Prompt: Repeat every line of the data exactly; no picture belongs in the copy.

Input data:
= Beginning of Section =

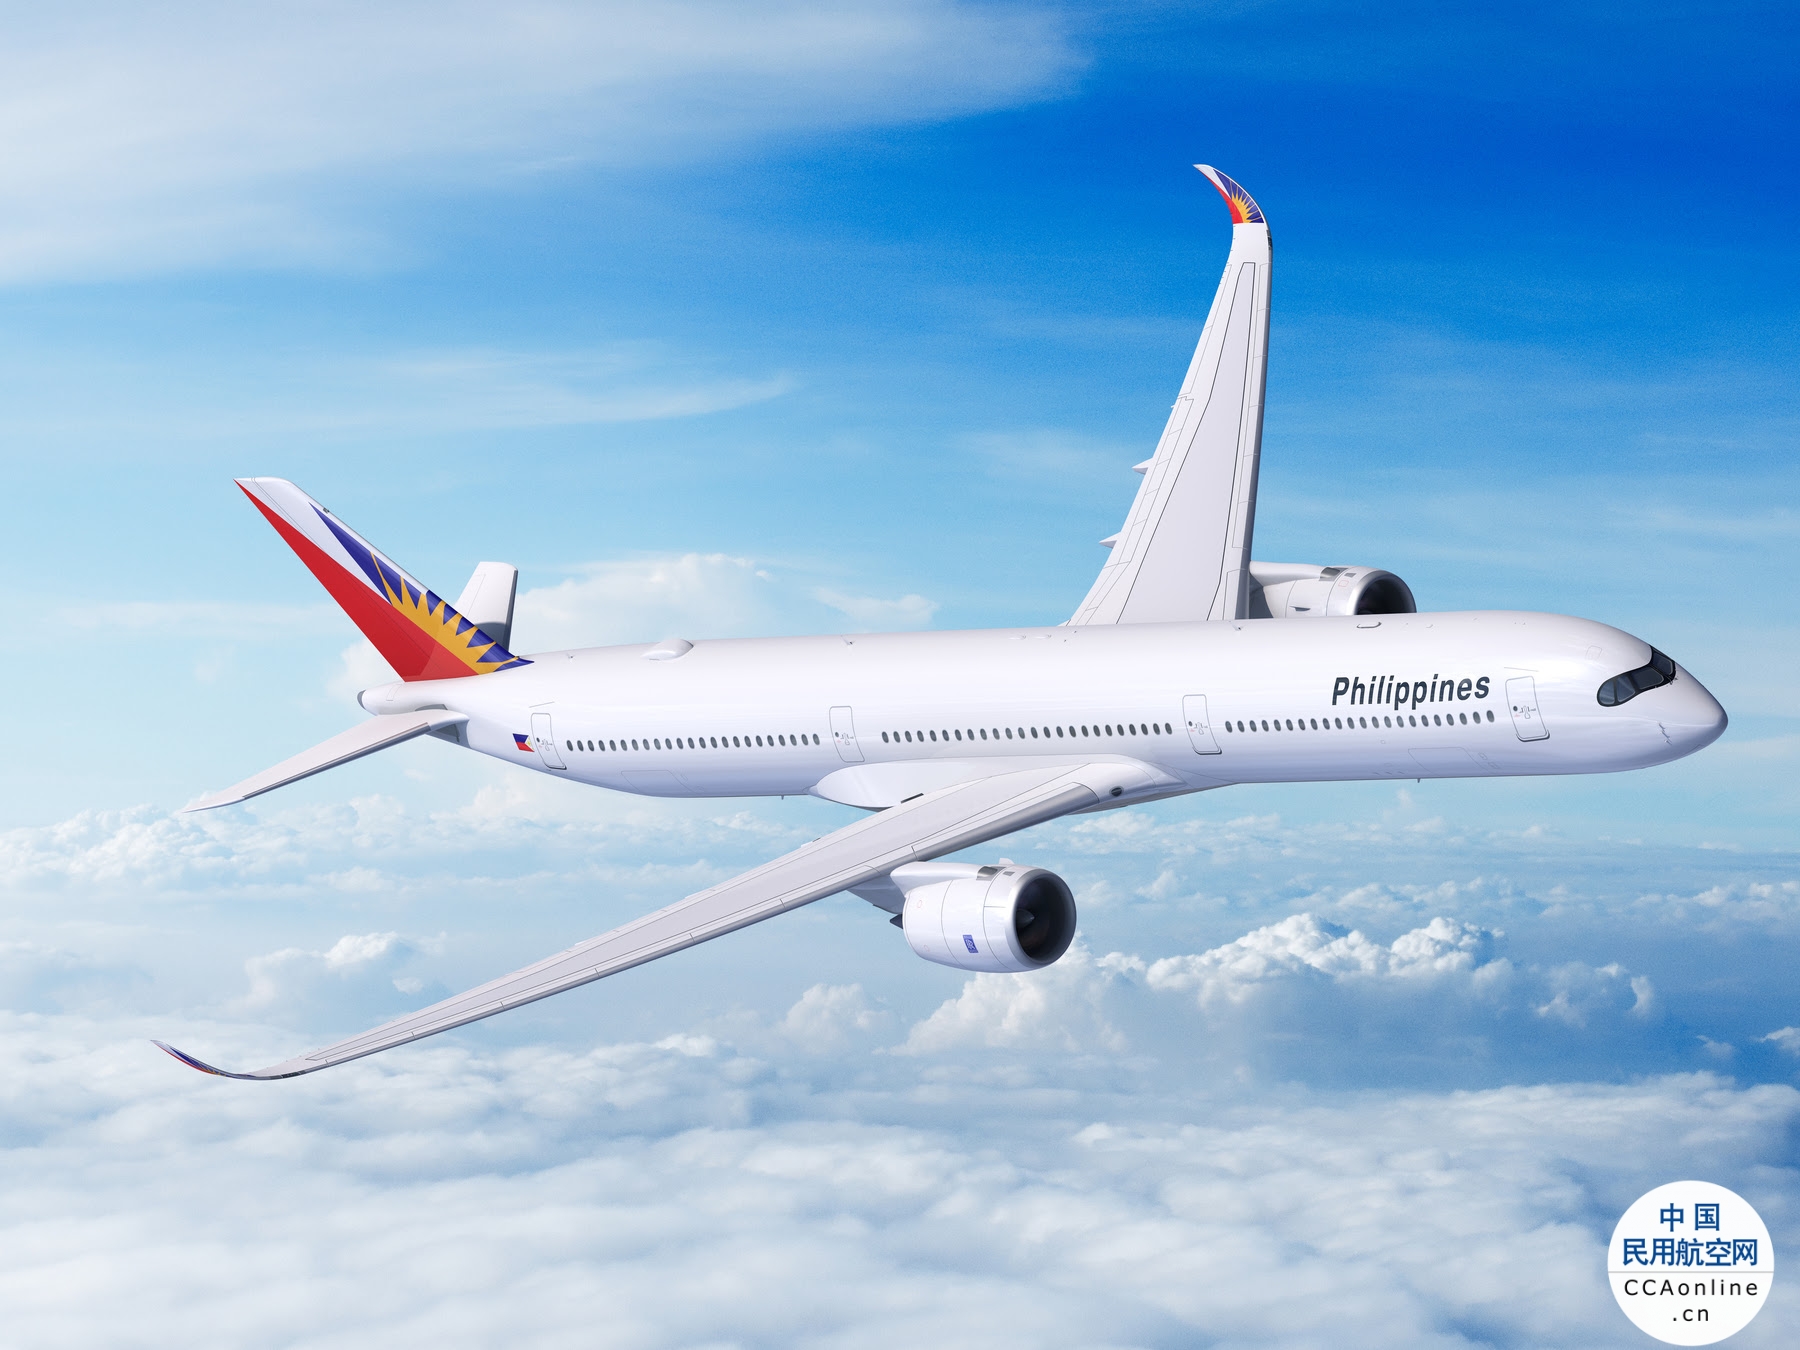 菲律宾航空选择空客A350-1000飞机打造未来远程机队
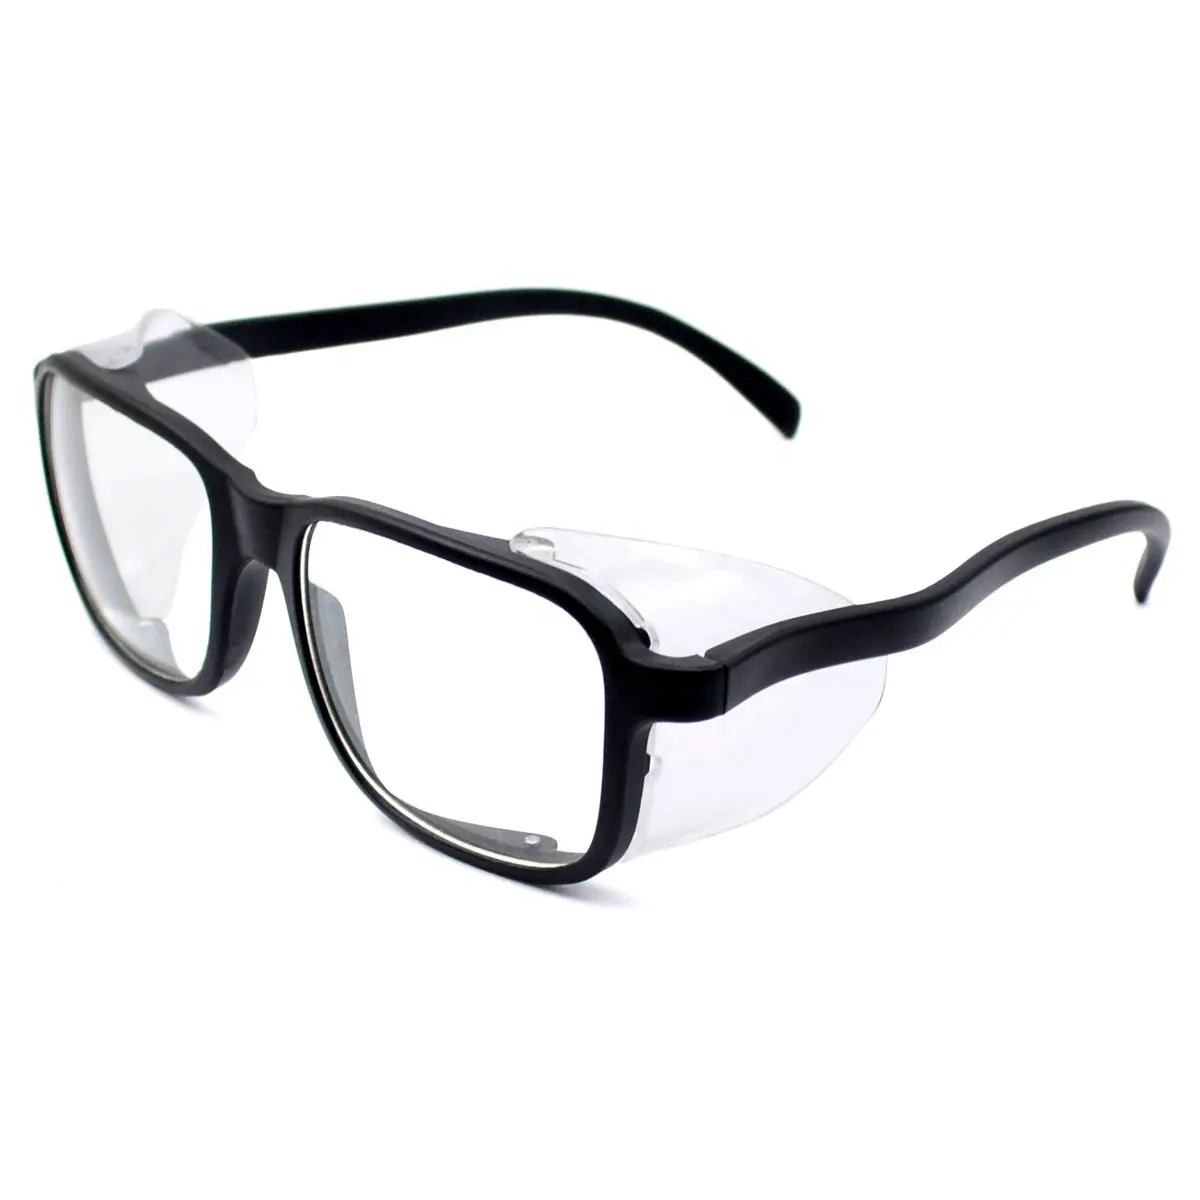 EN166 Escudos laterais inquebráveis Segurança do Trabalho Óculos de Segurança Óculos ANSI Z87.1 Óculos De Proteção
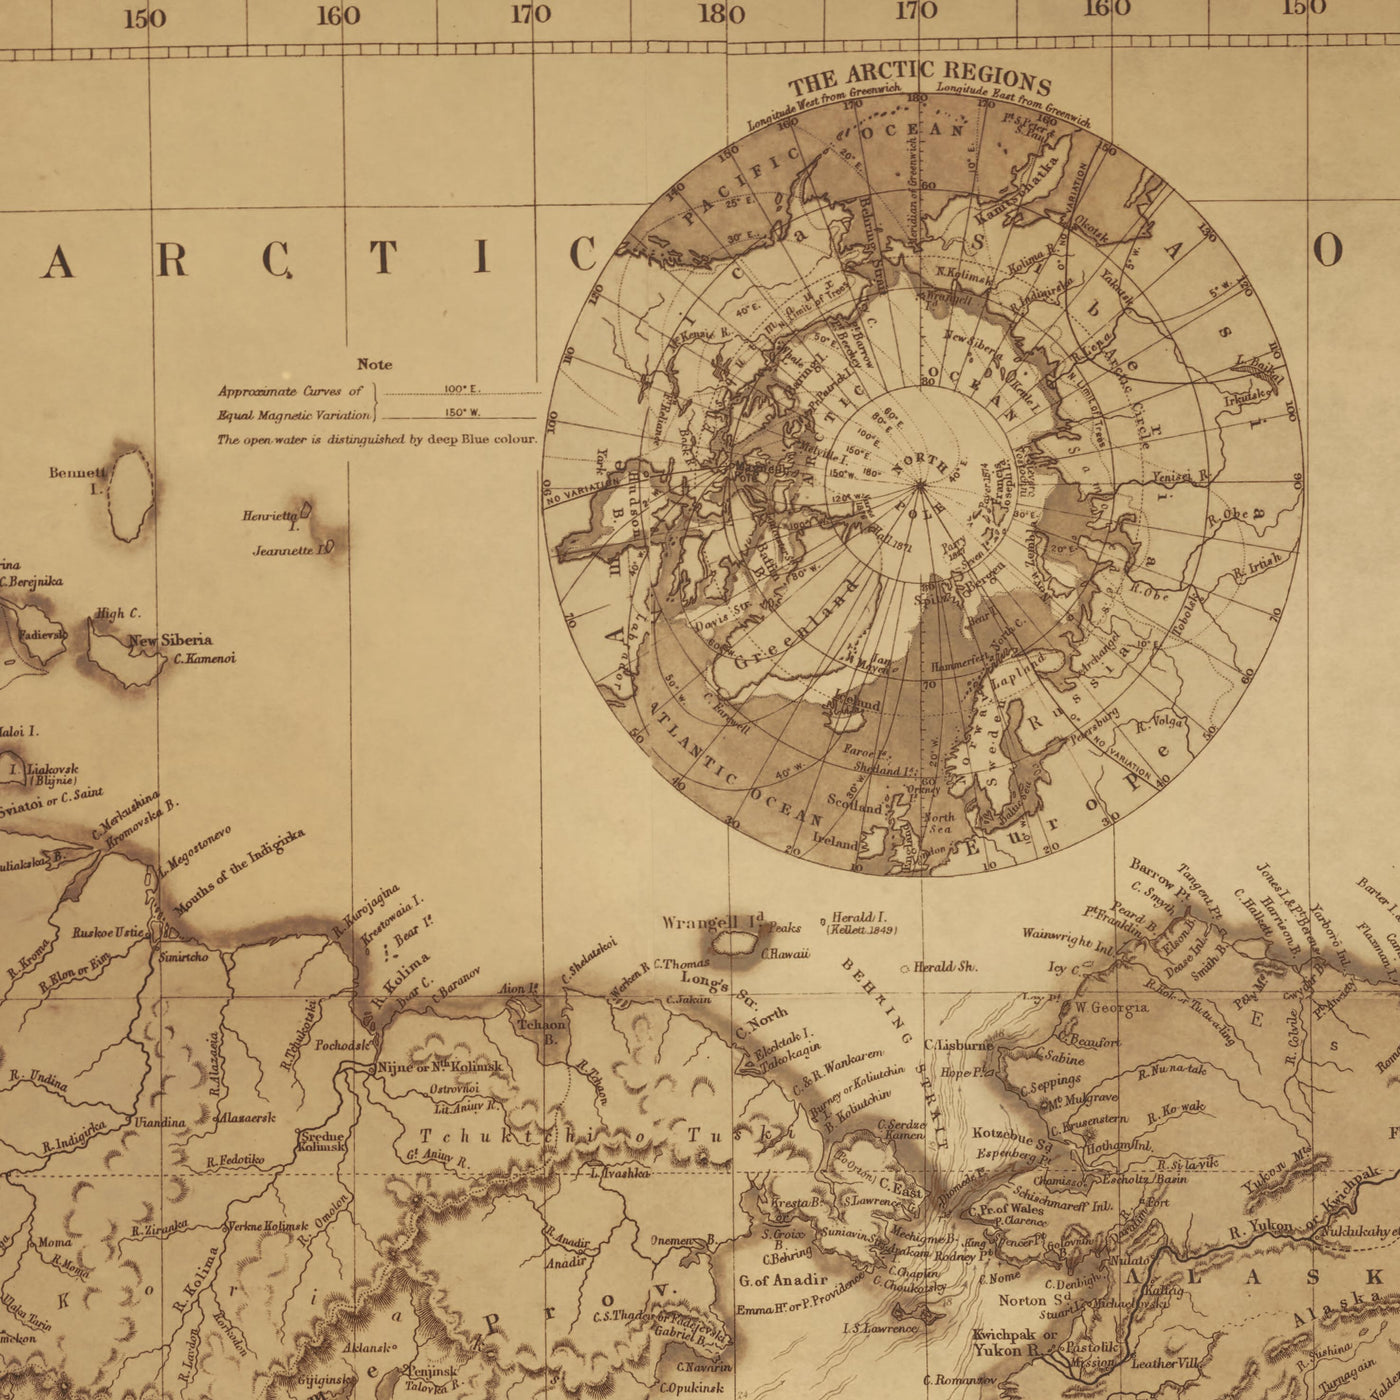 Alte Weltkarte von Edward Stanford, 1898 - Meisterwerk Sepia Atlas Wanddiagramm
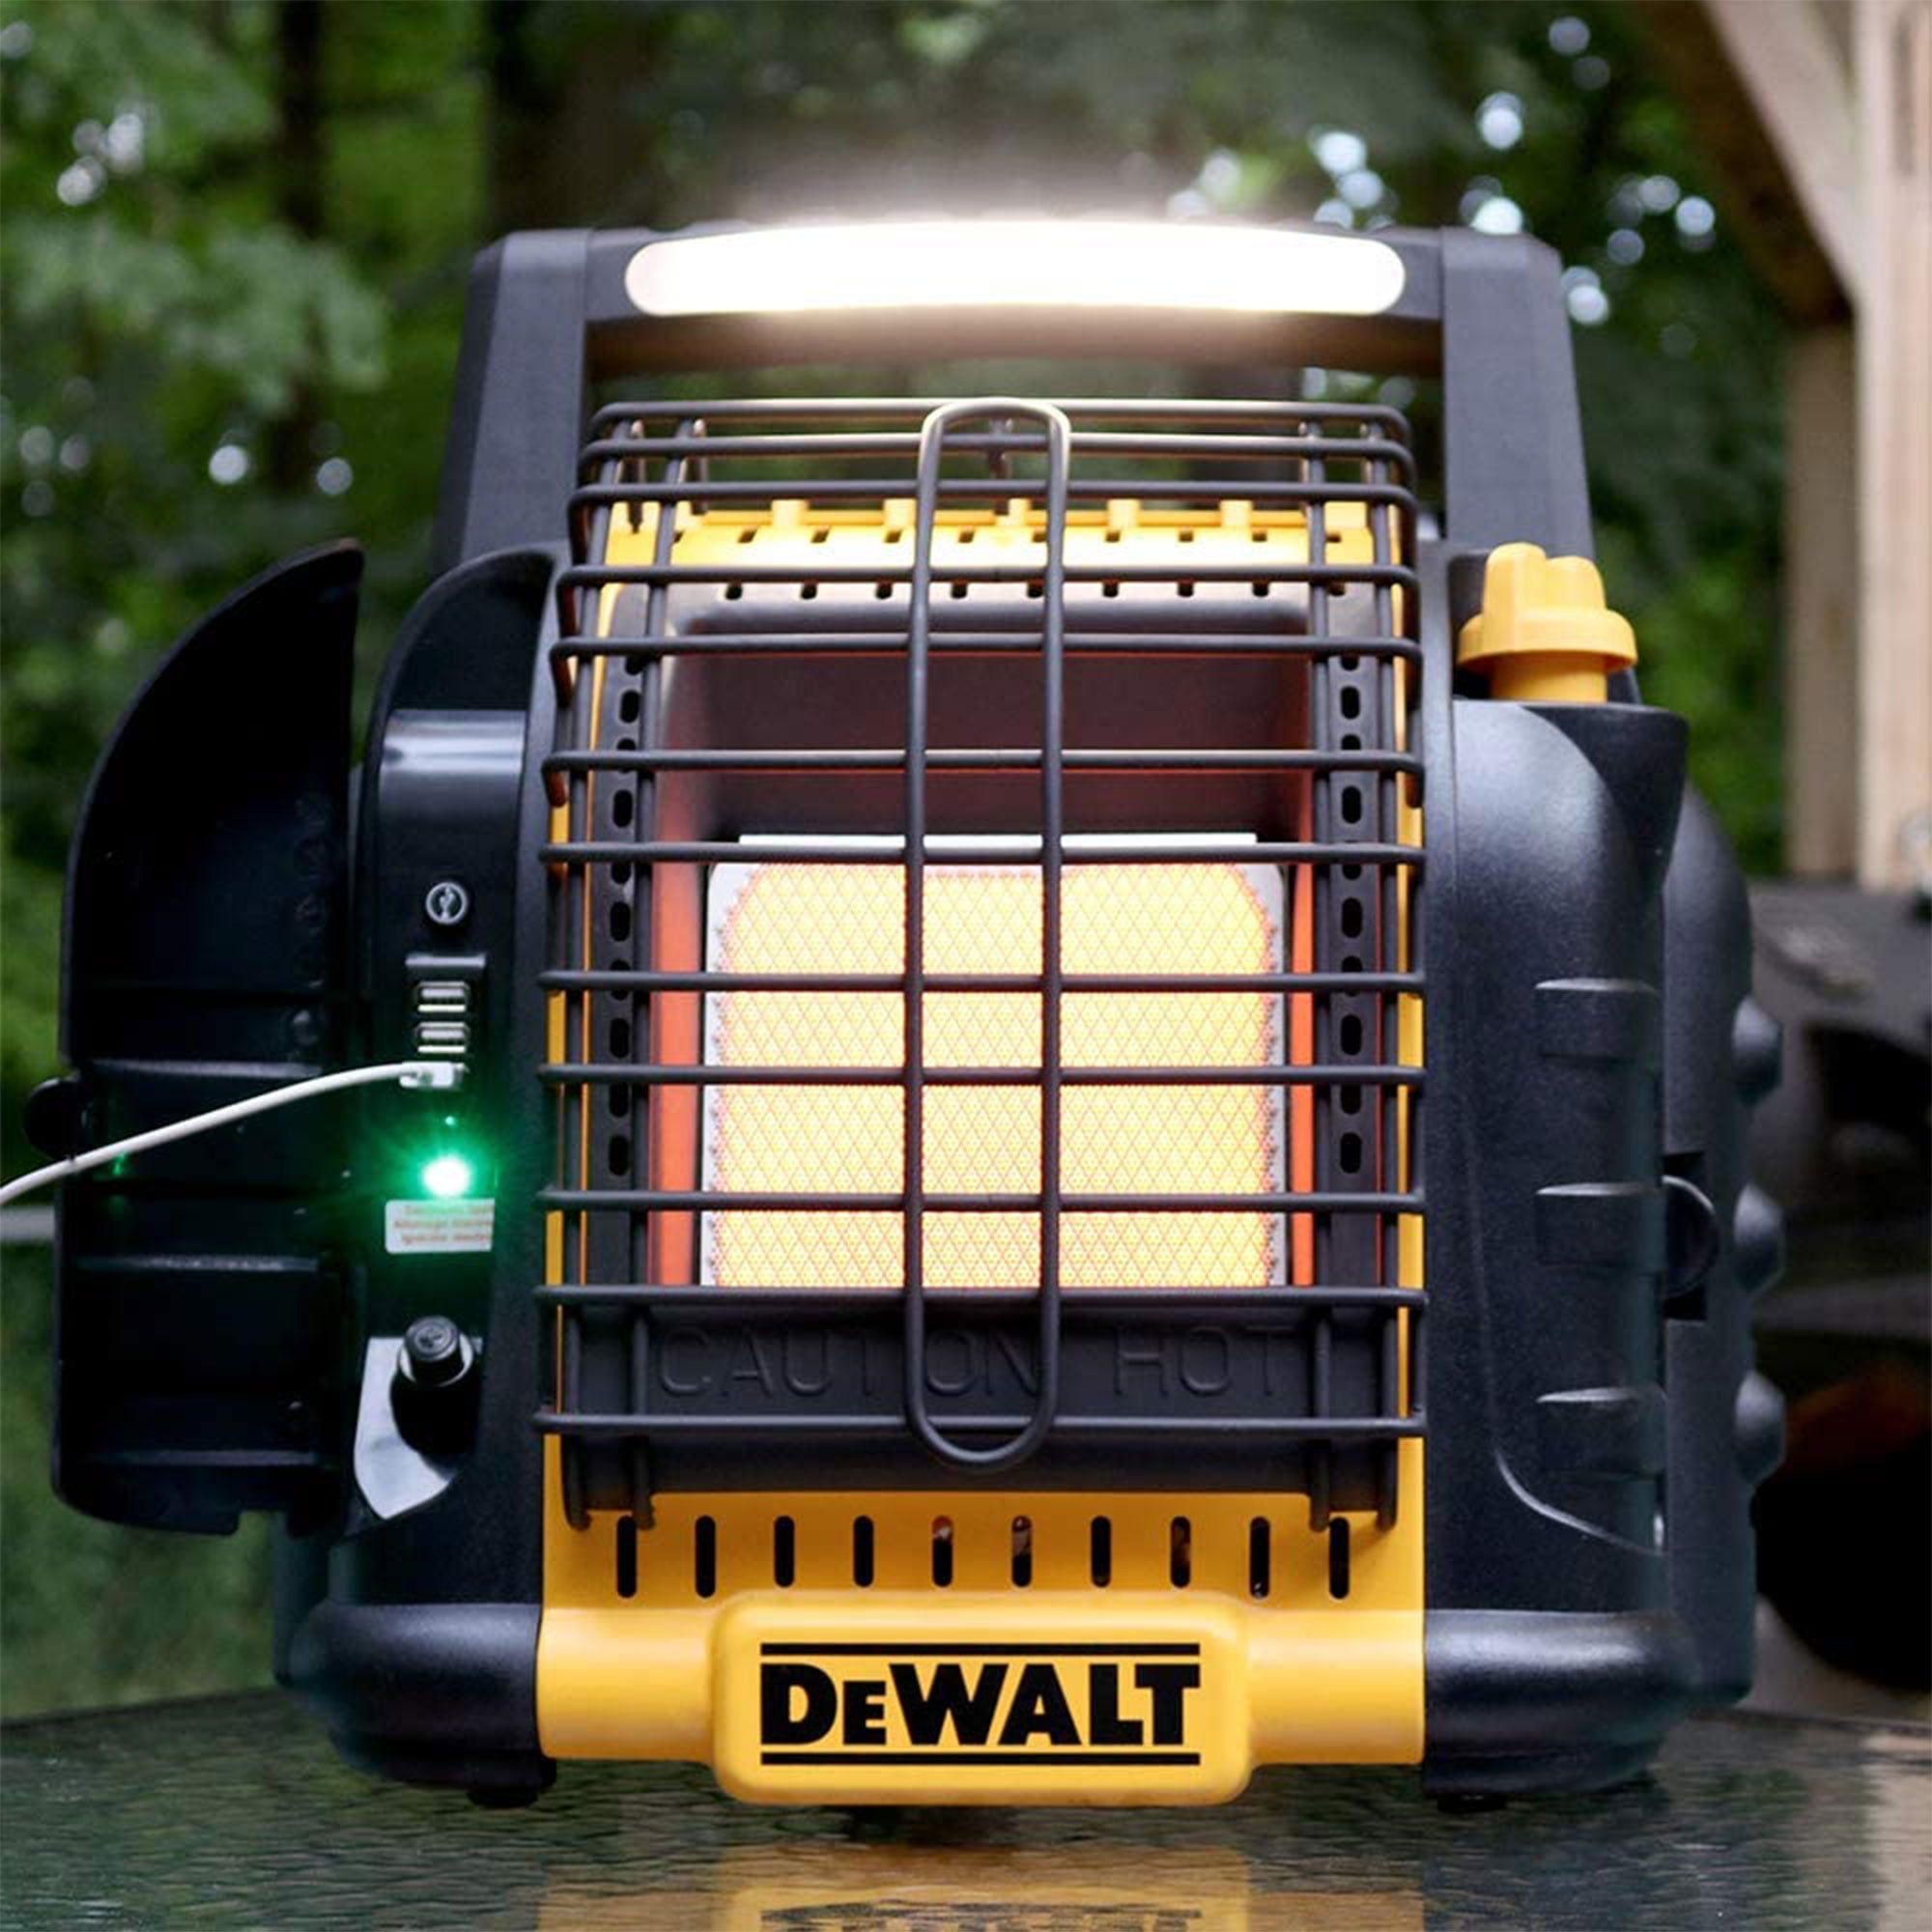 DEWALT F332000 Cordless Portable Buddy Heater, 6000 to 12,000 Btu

= End of Section =

Exercise solution:
 菲律宾航空选择空客A350-1000飞机打造未来远程机队
 EN166 Escudos laterais inquebráveis Segurança do Trabalho Óculos de Segurança Óculos ANSI Z87.1 Óculos De Proteção
 Alte Weltkarte von Edward Stanford, 1898 - Meisterwerk Sepia Atlas Wanddiagramm
 DEWALT F332000 Cordless Portable Buddy Heater, 6000 to 12,000 Btu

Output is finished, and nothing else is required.